From these tests, we can conclude that there is sufficient evidence that the data do not come from a homogeneous poisson process. This is due to the fact that the empircal G and K functions lie outside (above) the 99% confidence bands under a homogeneous poisson process. We can intrepret the data as having too many small nearest neighbor distances than expected under a homogeneous poisson process.

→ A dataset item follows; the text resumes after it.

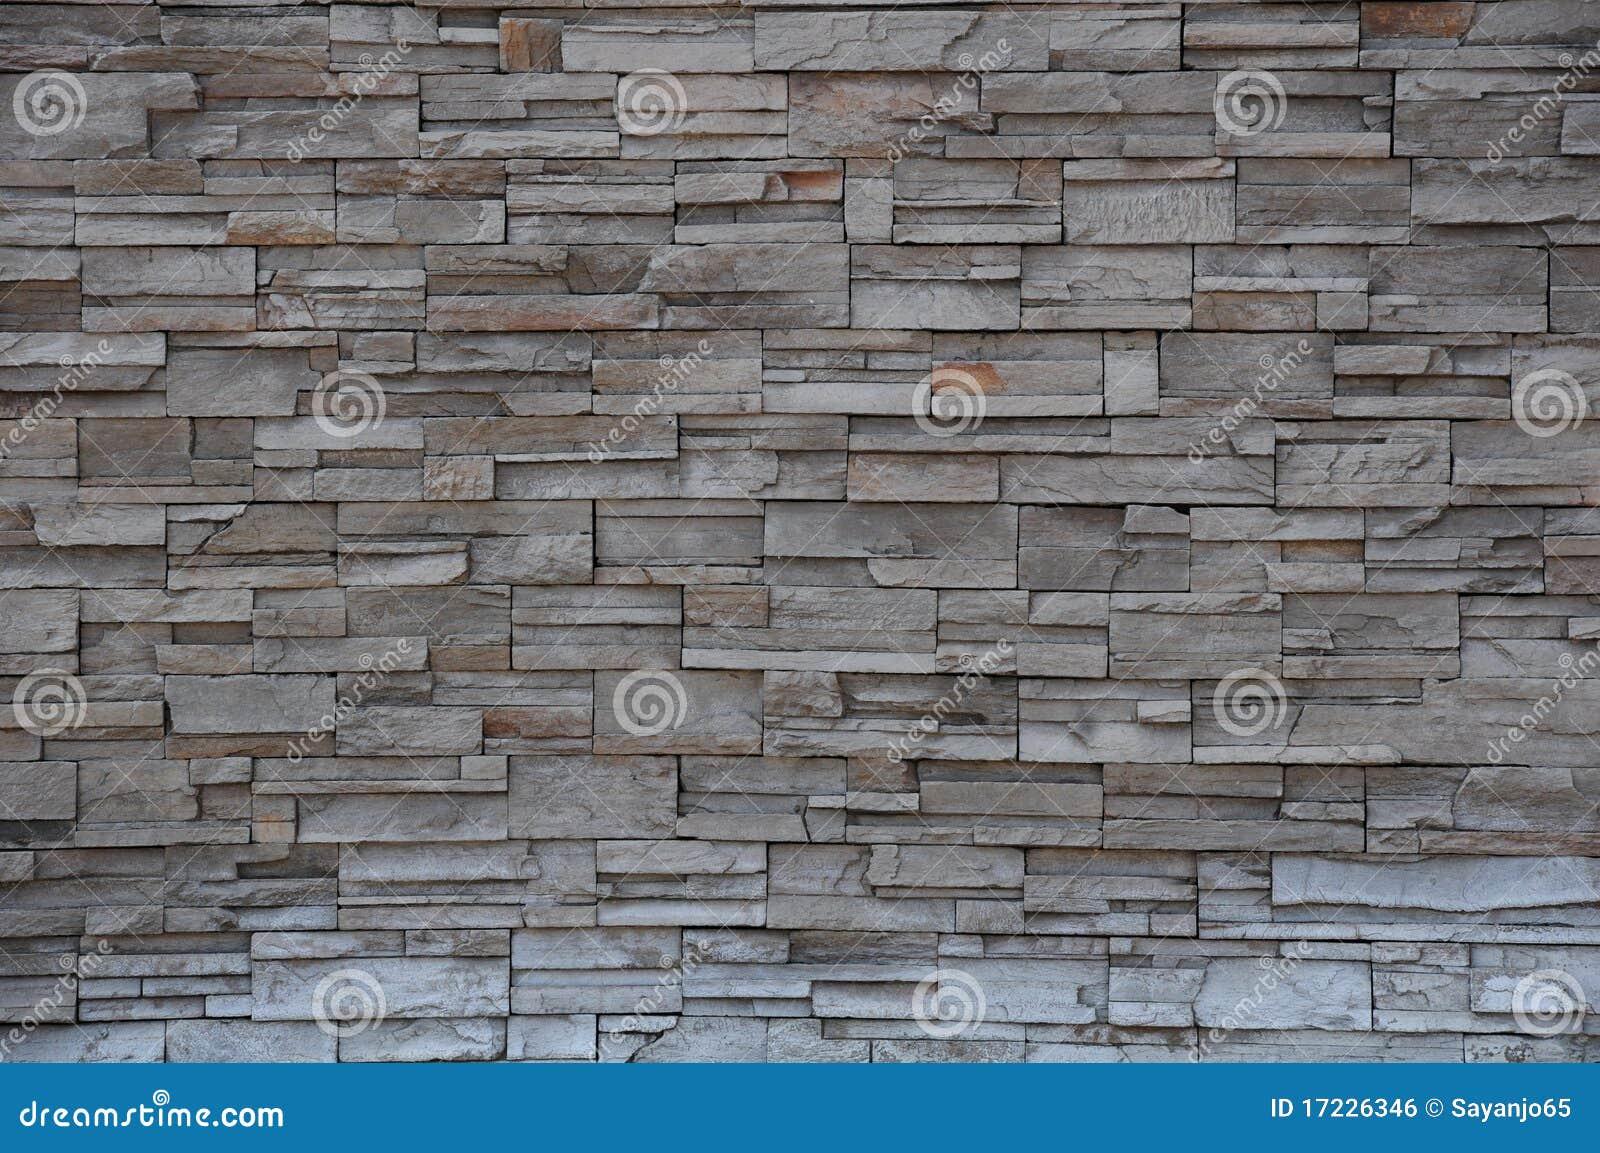 De bakstenen muur van de steen de moderne muur van de baksteensteen stock foto afbeelding - Modern muur steen ...

The pattern of adult trees appearing more regular could suggest that adult trees are repulsive in the sense that they require significant space and resources from the immediate soil around them and don’t want to compete with other adult trees for them. It is plausible then that the observed pattern of juvenile trees cluster around the various adult trees, as they are dependent on the adult and don’t have to compete as much for space and other resources with other juveniles.